Both his mother and his agent agree that Benoit quickly became a recognized face around the city, whether he was eating at a restaurant or playing at the Bell Centre.
"He doesn't mind it, because he's been around for a bit now, but he needs his privacy too," continues Diane. "When he can go without being noticed, he loves it.
"He's always been a very solitary kid, he likes to be in his [own space] and he's always been like that. He likes his moments by himself. And more and more, because he's always in the limelight, he never gets that piece of little quiet time by himself."
She noted, however, that having her son in Montreal makes it easier for her to help him, and allows him to focus on his career - as well as the professional world of sports, where contracts, fame, and money are the name of the game.

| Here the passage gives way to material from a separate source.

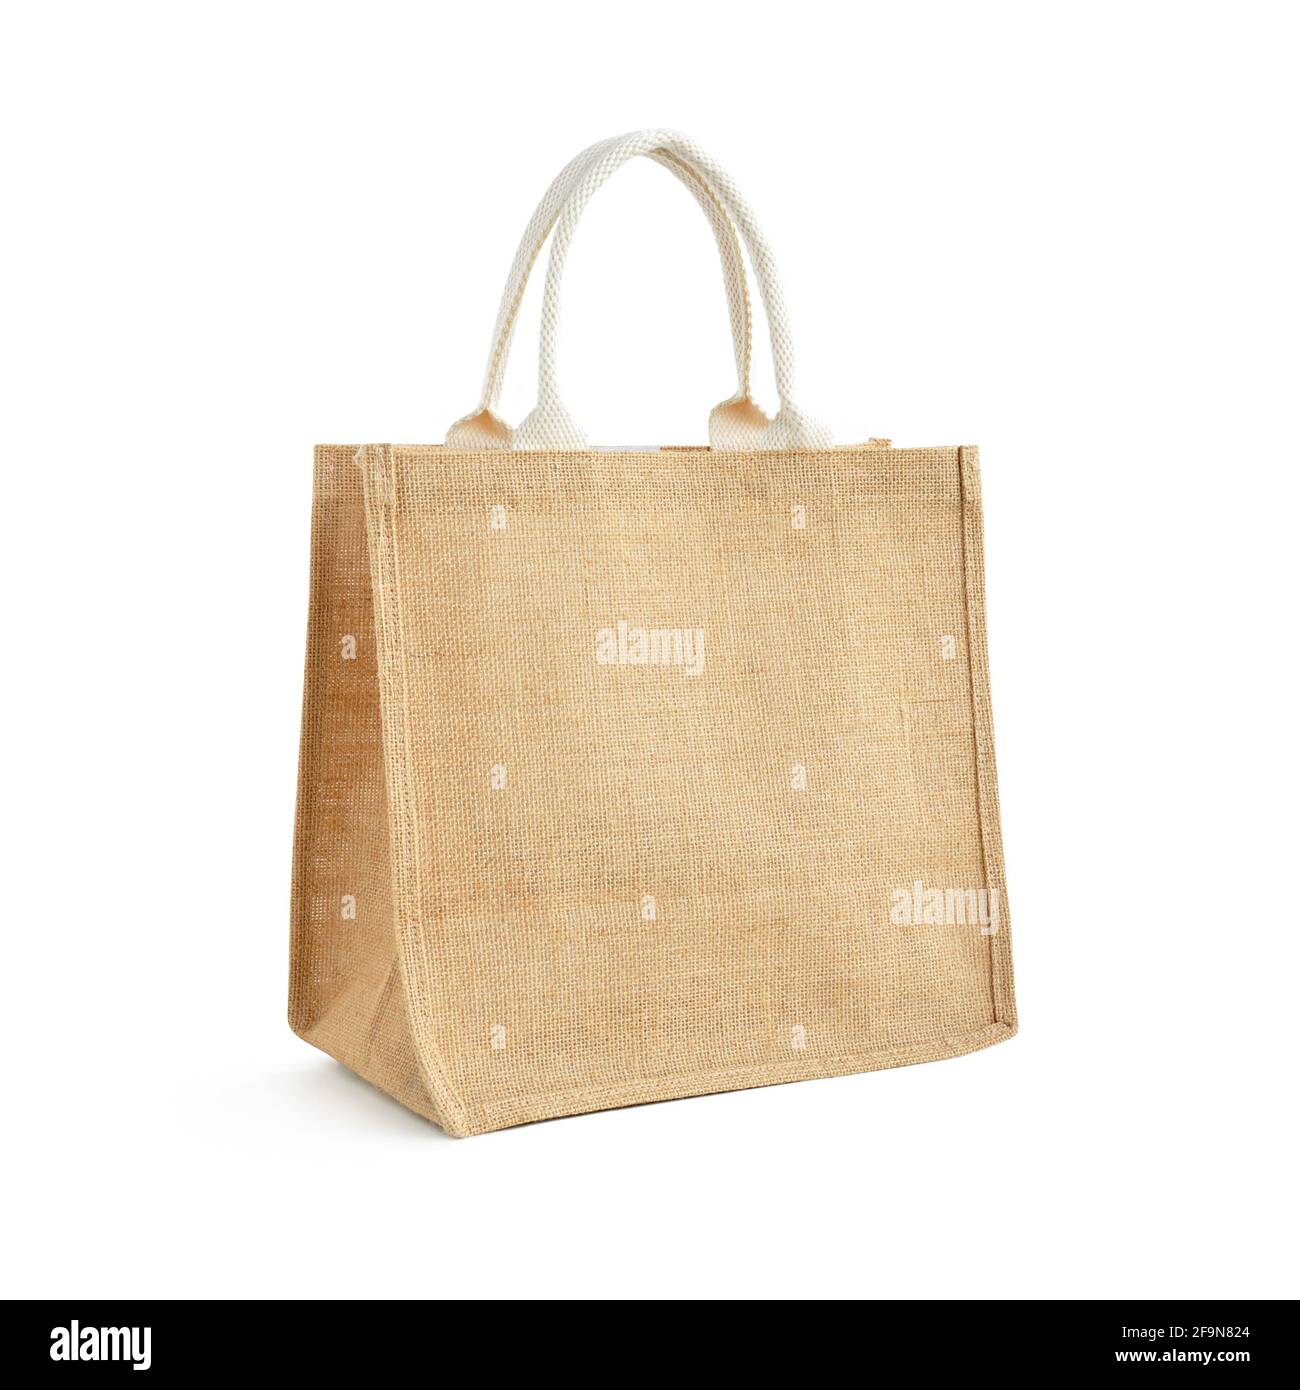 Hessian or jute bag - reusable brown shopping bag with loop handles - isolated Stock Photo

"There are little things that I can do that I couldn't do when he was in Minnesota. He's 23 years old and he has no clue how it works," she says, referring to not only an industry, but also life in general.
"They are kids brought up into a man's world and they have to grow up very quickly. That's a big issue for young kids; they come into that world and have no idea how it works, they get thrown tons of money and say, 'What do I do?'
"He was 19 when he signed his first contract; but, you're still a kid. You're not mature enough to realize what it means."
The world of professional sports means the press, and the public, are often watching every move the players make. That rings true for family members, too.
"It's a very different world, it is."
She speaks lovingly of her son, referring to him as a shy but extremely genuine person. "When he says something, it's from here," she says, pointing to her heart.
Diane Pouliot's pride in her son exceeds mere words; she never misses a game. Watching him on the ice, she says, and the feeling of having goose bumps listening to 21,273 fans chant his name at the Bell Centre, is "hard to describe," she laughs. "People tell me he's playing for Montreal and I'm like, 'I know.' But it's funny because, for me, he's just my son, my boy, that I raised and for me he's always played hockey; he's always been a hockey player, you know?
"I don't see him differently... he's my little boy. Yeah, it is special, but it's not ... it's hard to explain. He's my son, and he didn't become my son because he's an NHL player; he was my son before he was an NHL player."
But she stops short of giving credit to anyone else but him.
"Benoit's been through a lot himself; it was his own destiny. Nobody else could have made it for him. And through everything he's been, he's got to be tough."
Growing up as a boy in Eastern Ontario, among thousands of children watching some of the world's best on a television screen or shooting late night pucks at the arena, the end result was definitely a dream come true for Benoit.
"He always, always, said he would play in the NHL," says his mother, adding, with a laugh, "I guess it's that and, he'd rather play hockey than go to school."